## Exercise requirements
Leave out the pictures and reproduce all of the data exactly.

## Data excerpt
============================================================
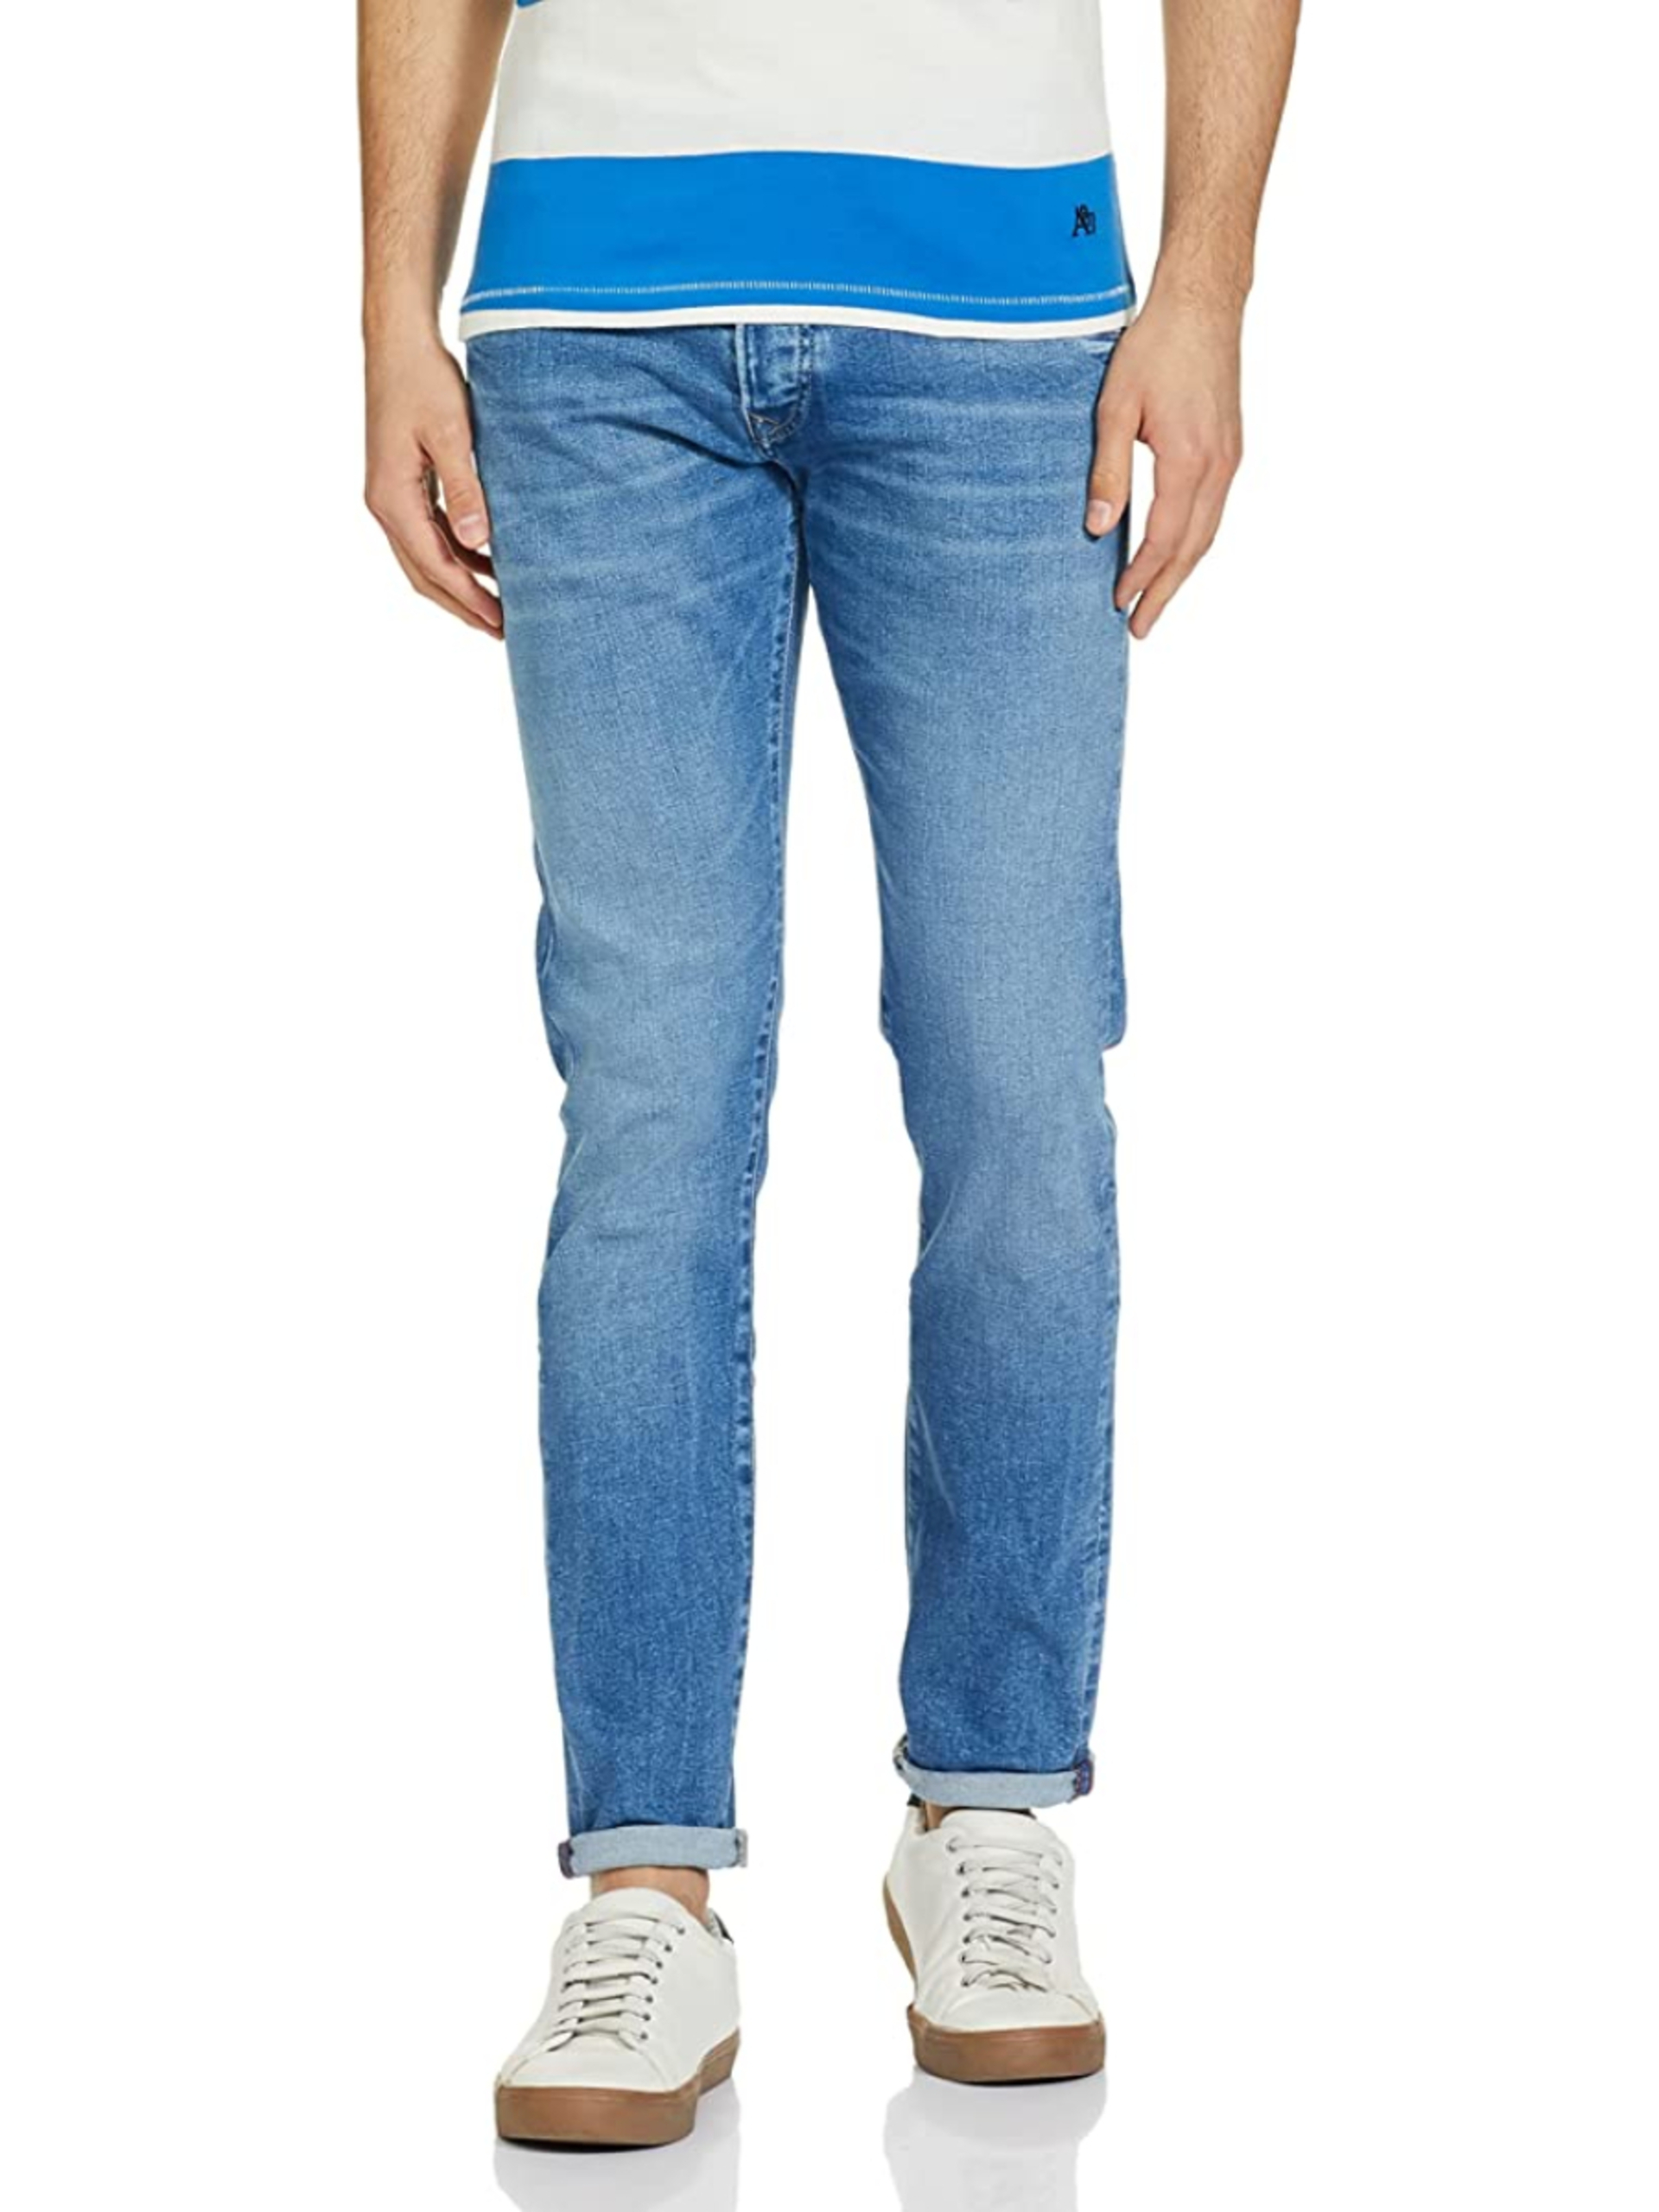 Pepe Jeans pánské modré džíny Stanley - 36 (000)
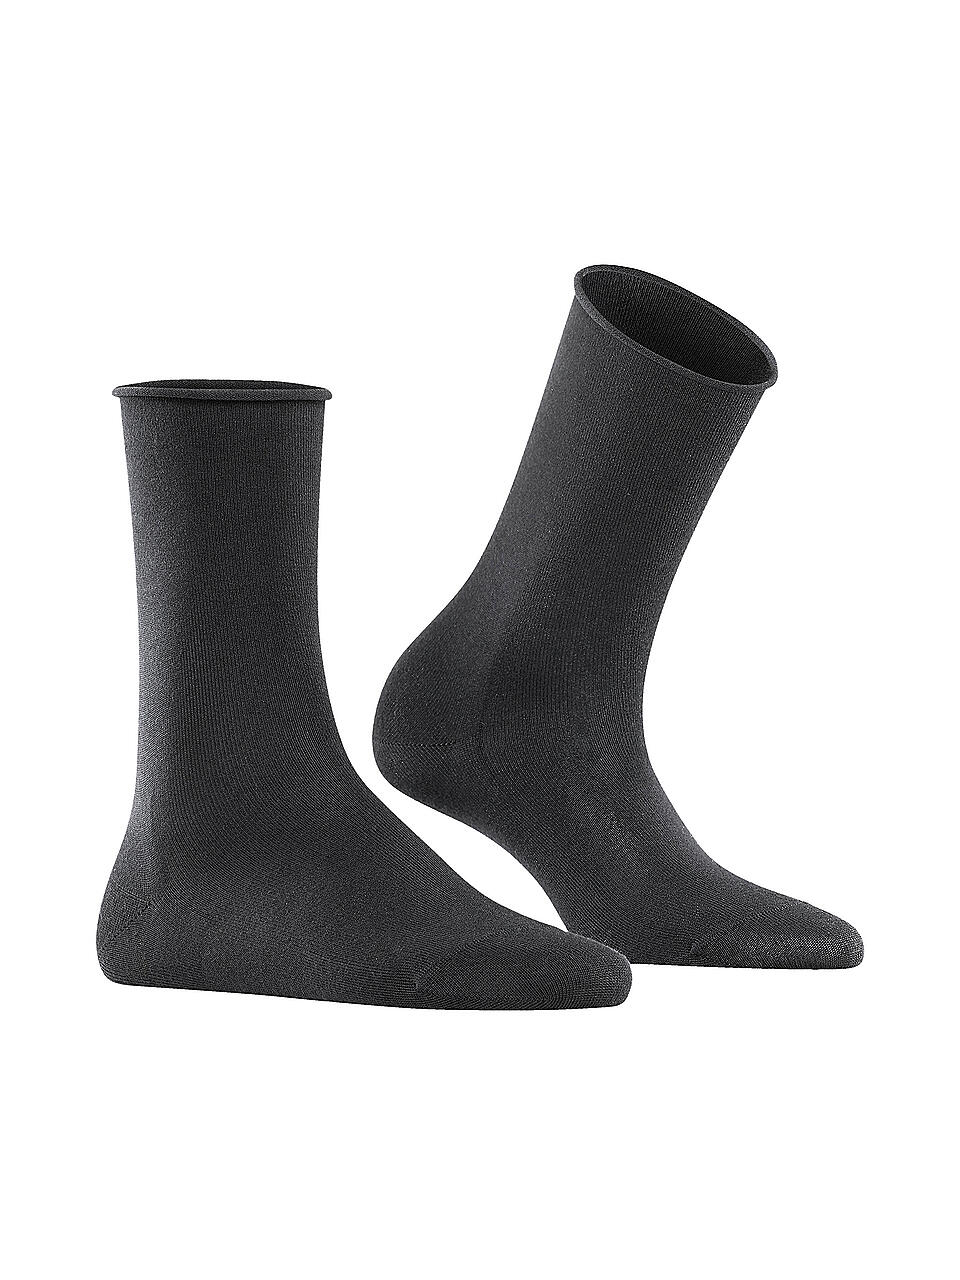 FALKE | Damen Socken ACTIVE BREEZE black | schwarz
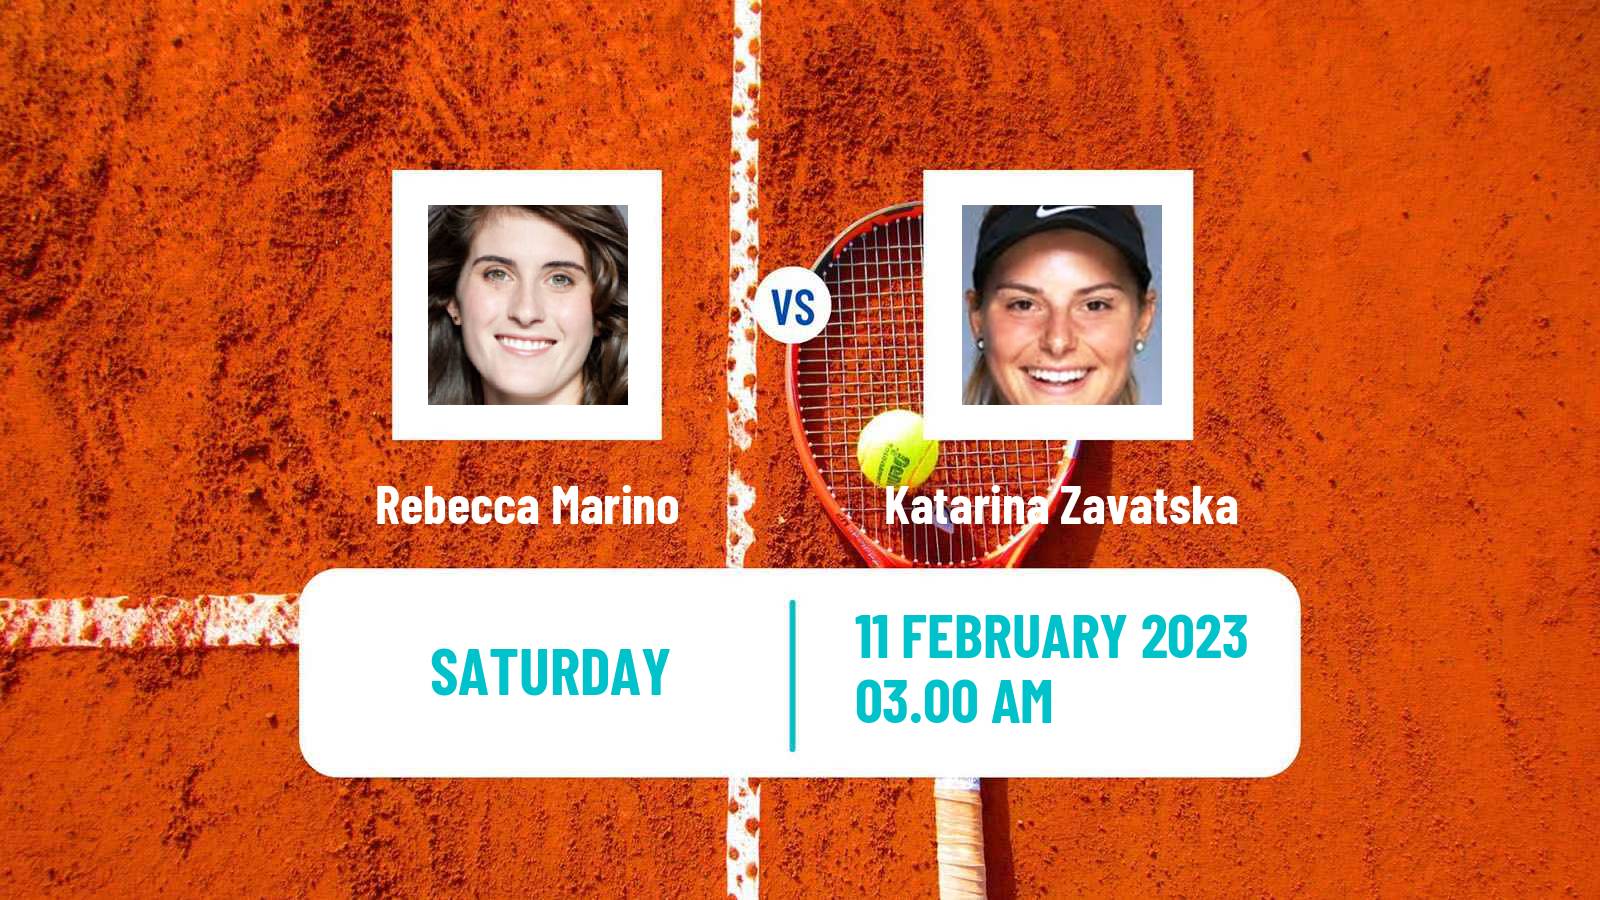 Tennis WTA Doha Rebecca Marino - Katarina Zavatska
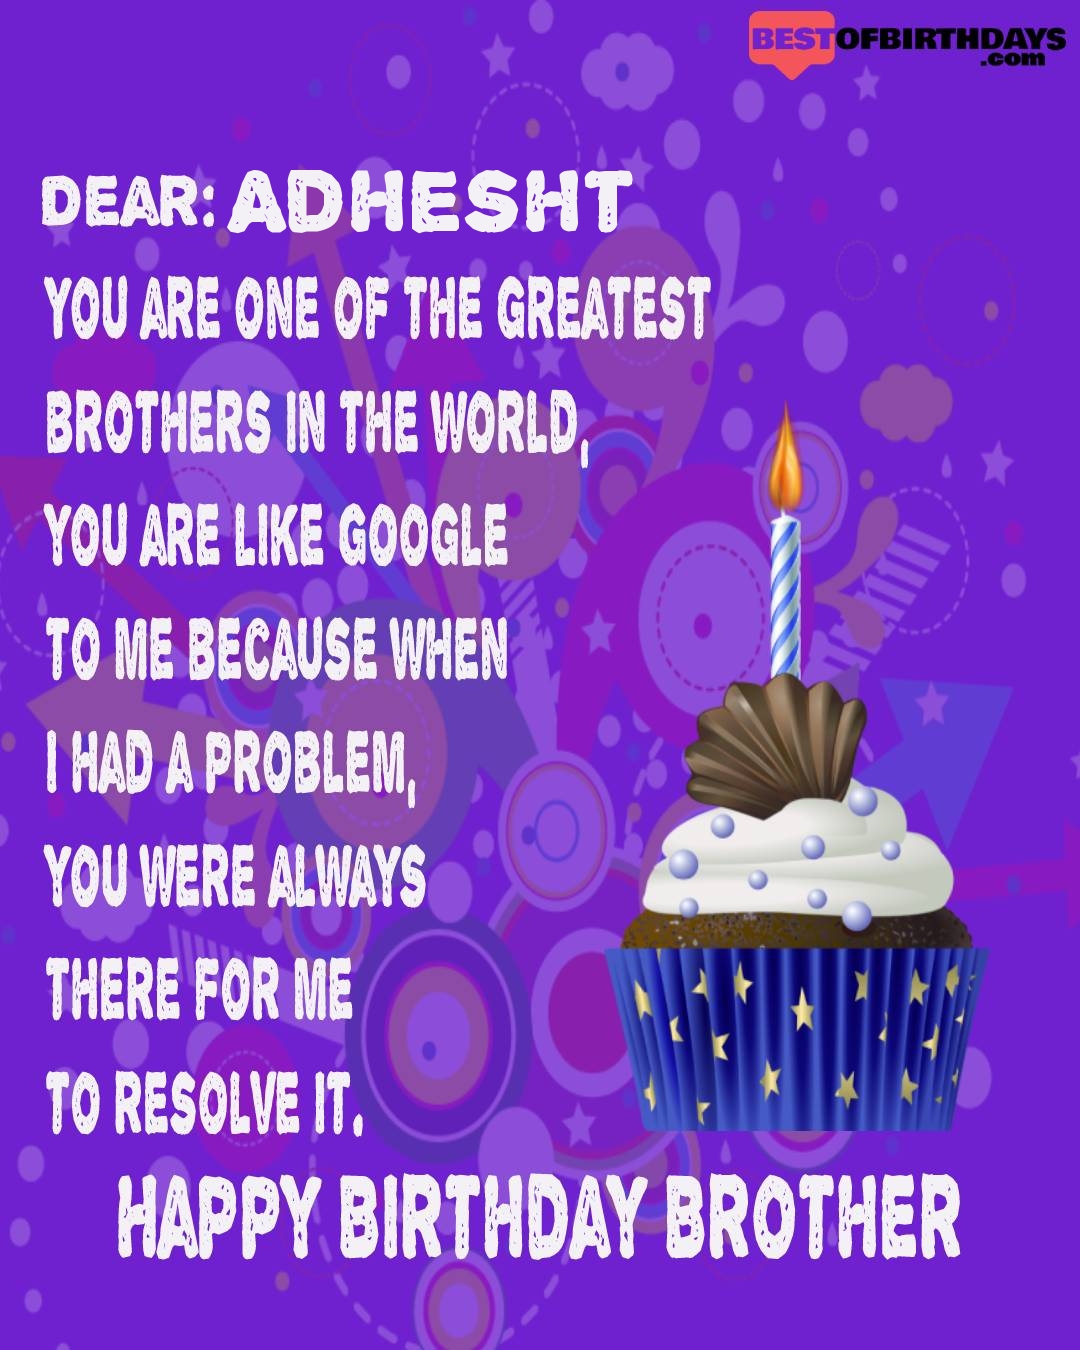 Happy birthday adhesht bhai brother bro
============================================================
## Solution for this task
 Pepe Jeans pánské modré džíny Stanley - 36 (000)
 FALKE | Damen Socken ACTIVE BREEZE black | schwarz
 Tennis WTA Doha Rebecca Marino - Katarina Zavatska
 Happy birthday adhesht bhai brother bro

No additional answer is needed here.